General Government Debt
updated: 28. 05. 2010
The tables below contain data on the general government debt in accordance with the so-called Maastricht debt methodology. The Maastricht debt is defined as a debt determined for the purposes of the excessive deficit procedure (EDP). Its ratio to GDP represents one of the Maastricht criteria (up to 60%) applied to evaluate the quality of public finance in EU Member States. According to ESA95 manual on government deficit and debt, the Maastricht debt is defined as follows:
The Maastricht debt means total gross debt at nominal value outstanding at the end of the year or end of the quarter, and consolidated between and within the sectors of general government based on deposits, securities other than shares (excluding financial derivatives) and loans, but definitely excluding liabilities from outstanding interest. Loans also include imputed loans equalling the value of assets acquired under financial leasing.

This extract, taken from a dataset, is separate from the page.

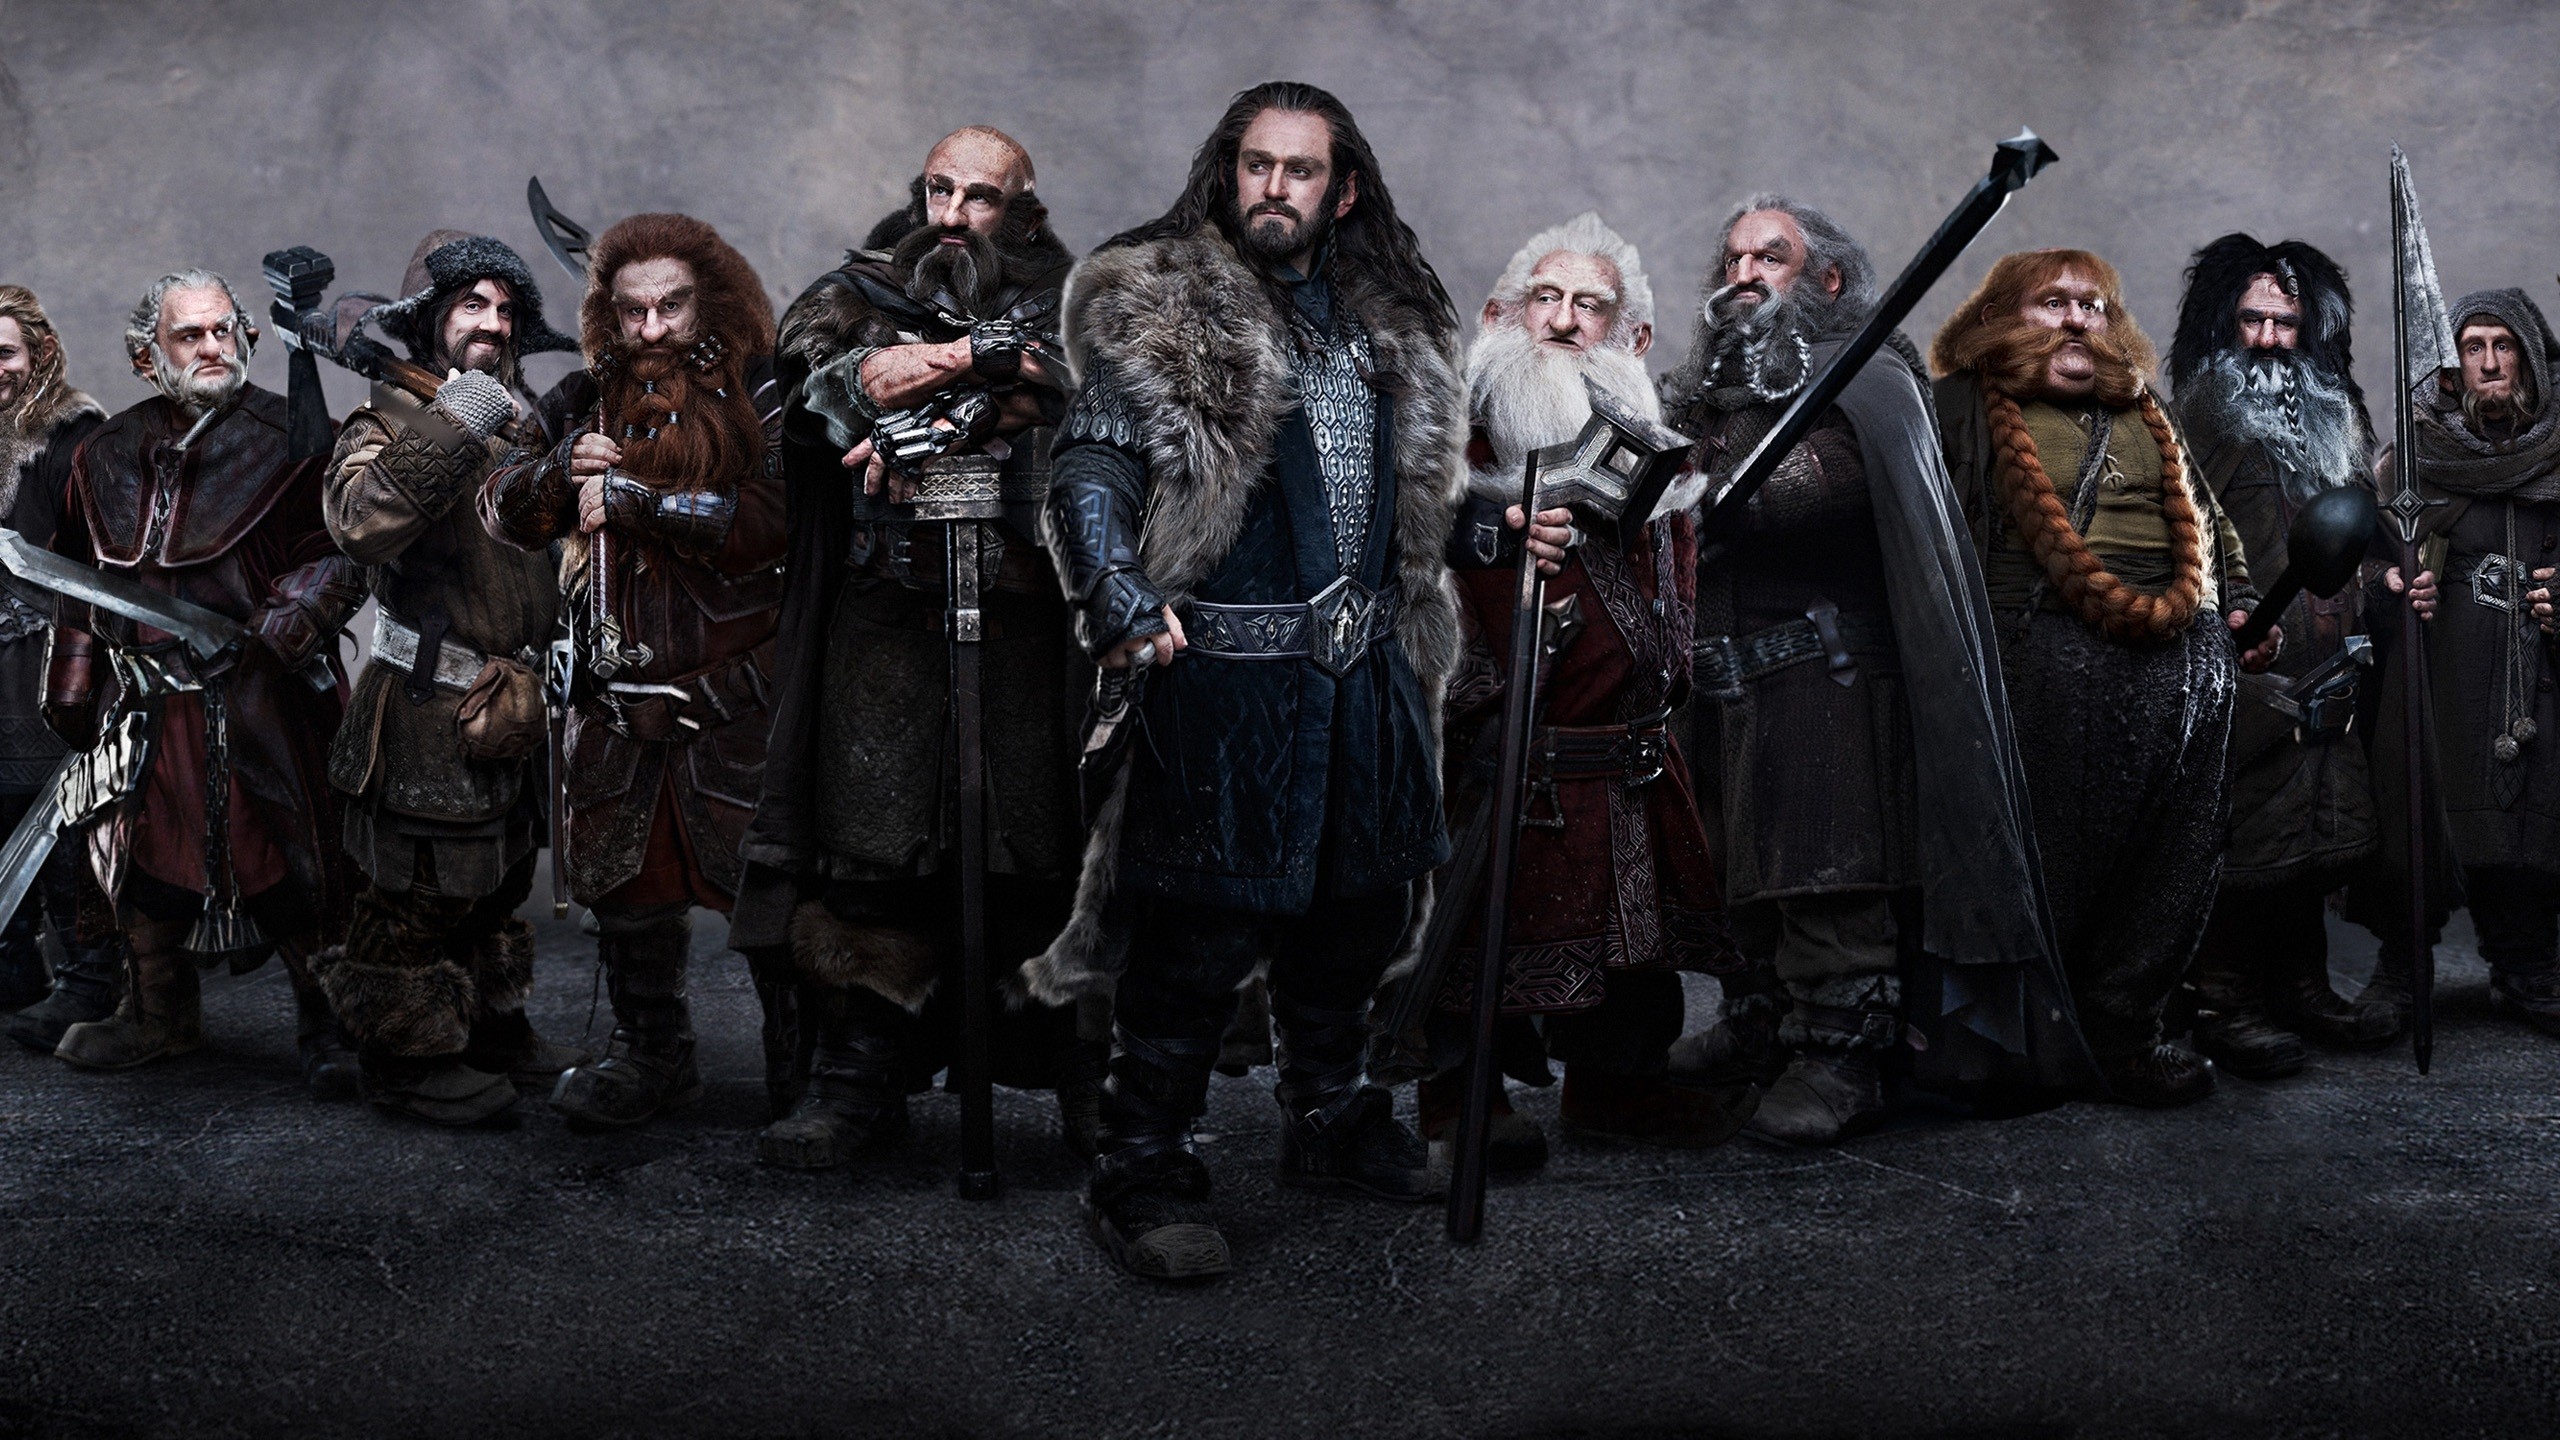 dwarfs, The, Hobbit, Dori, Thorin, Oakenshield, Balin, Dwalin, Bifur, Oin, Gloin, Ori Wallpaper

Nominal value equals the amount agreed upon in contracts, which the general government will have to pay to creditors on the due date. For liabilities denominated in a foreign currency, the value is converted into the Slovak currency using the exchange rate of the National Bank of Slovakia (NBS) valid on the date as of which the financial statements are compiled.

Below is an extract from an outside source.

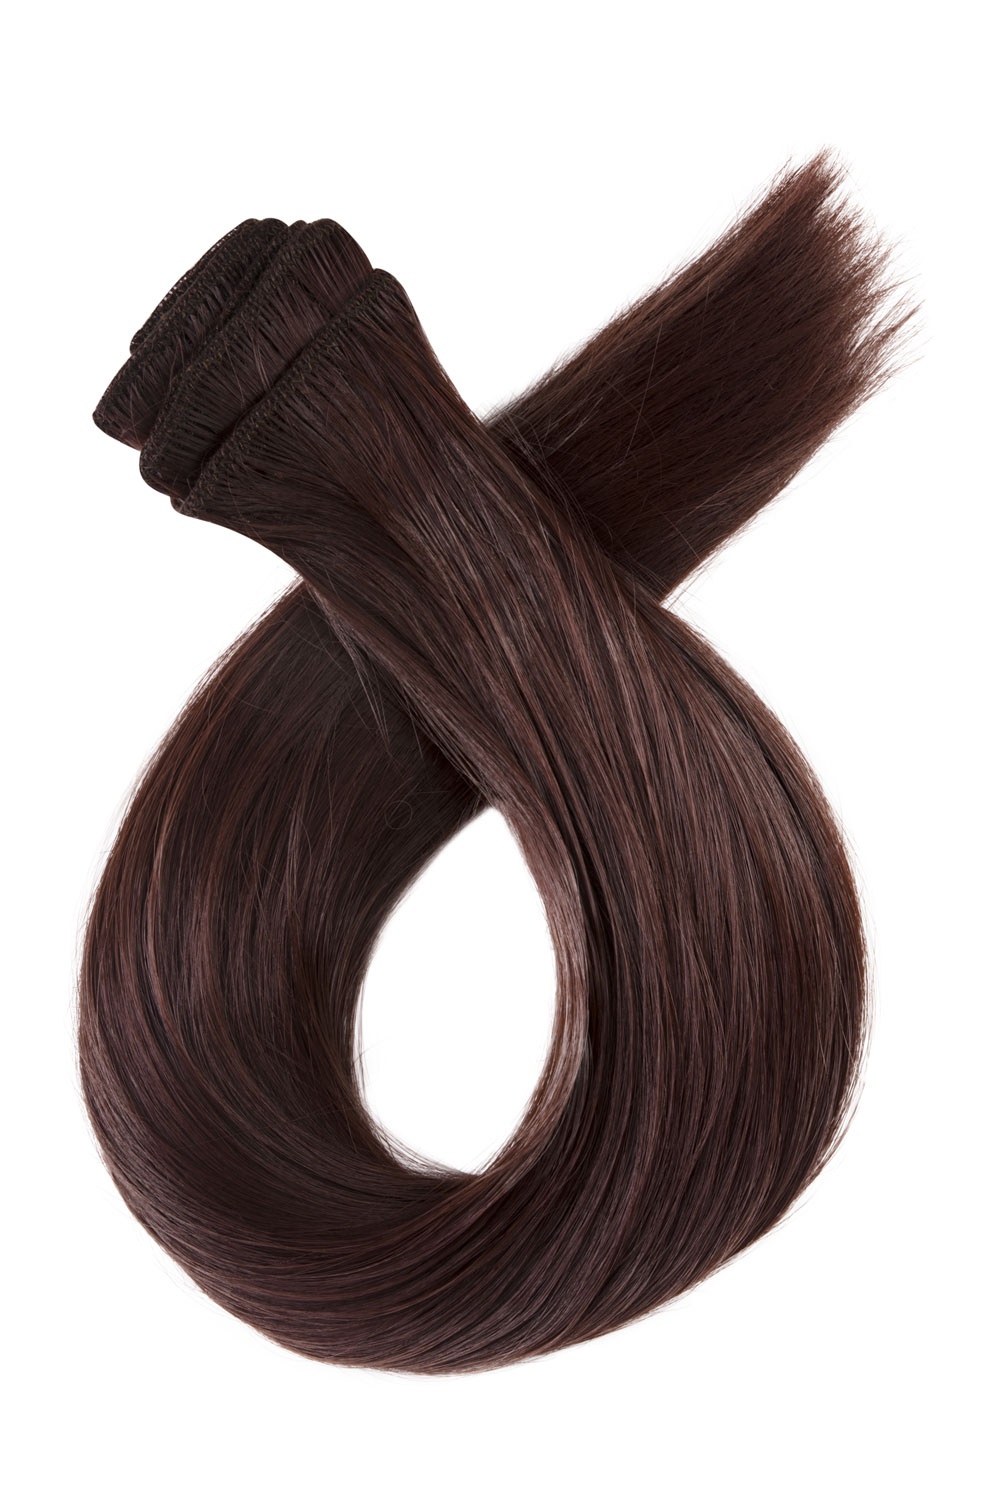 Tmavé červenohnedé clip in vlasy, 60cm, 150g, farba 33

The general government sector comprises all public non-market institutional (accounting) units. In the Slovak economy, the following institutional units presently constitute the general government sector: central authorities funded from the national budget, and the purpose-specific state funds, the National Property Fund of the Slovak Republic, the Slovak Land Fund, Slovak Consolidation Bank (Slovenská konsolidačná a.s.), public universities, Health Care Surveillance Authority, The Nation's Memory Institute, Slovak National Centre for Human Rights, Slovak Television, Slovak Radio, Radio and Television Licence Fee Company (Rozhlasová a televízna spoločnosť), Audit Surveillance Authority (Úrad pre dohľad nad výkonom auditu), Social Insurance Company, health insurance companies, subsidised organisations with less than 50% of their production costs covered by sales, self-governing regions and their organisations funded from their budgets, and municipalities and organisations funded from their budgets.

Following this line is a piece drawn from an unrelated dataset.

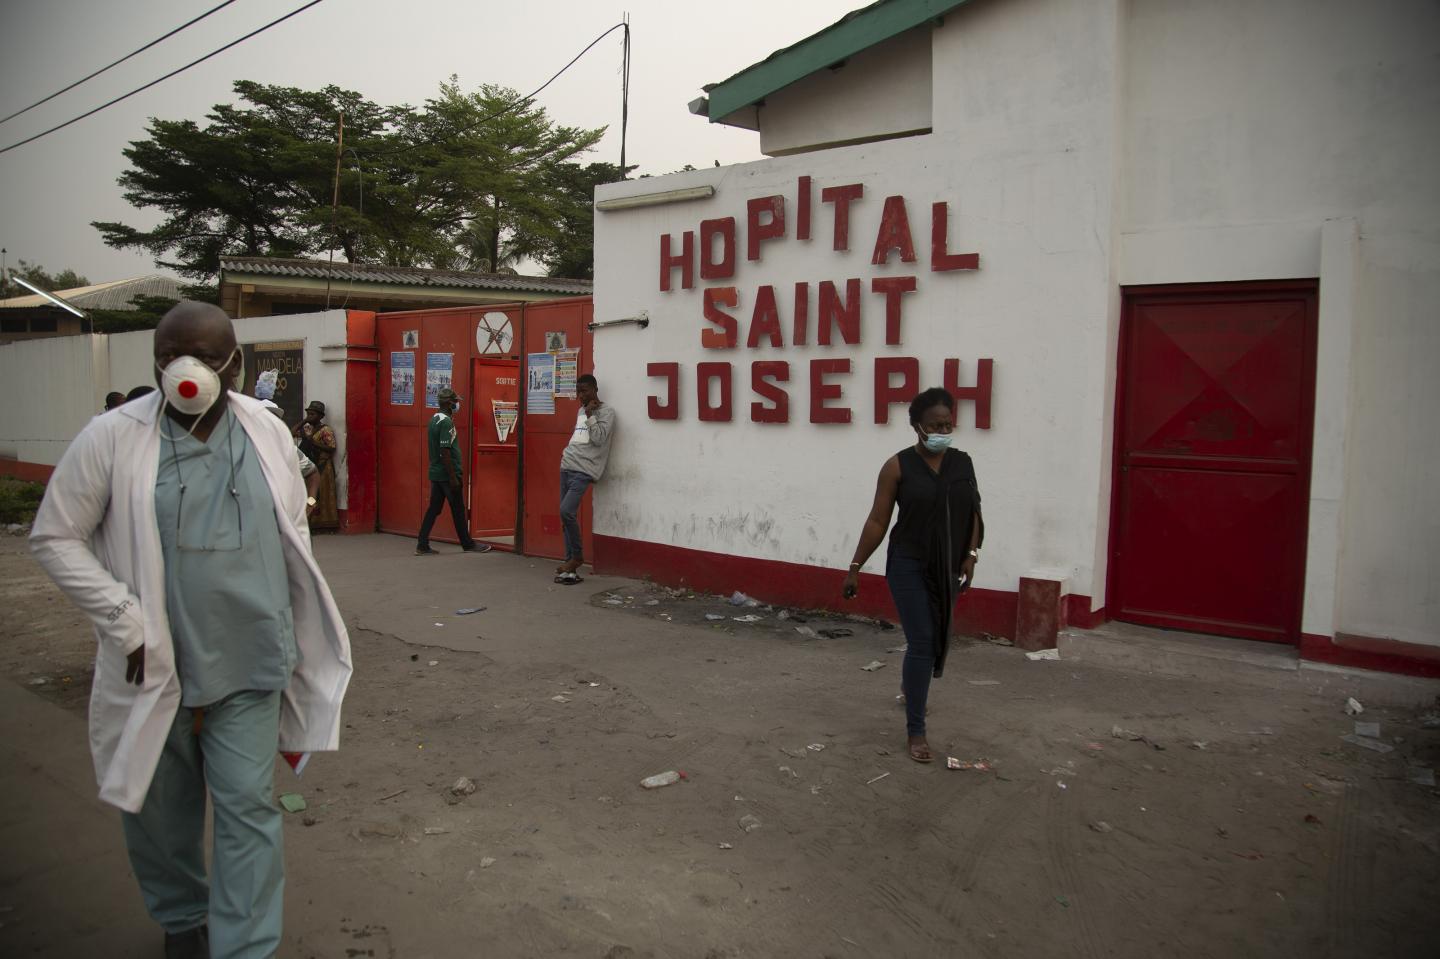 Hospital Saint Joseph, DRC

Consolidation – for the purposes of the general government debt definition, this term denotes the exclusion of liabilities and reciprocal claims between the units of the general government sector.
The standard presentation of the debt amount also entails the total debt structuring by debt instruments (loans, bonds), time (short-term, long-term), residents (domestic, foreign creditors) and currency (SKK, USD, EUR, JPY).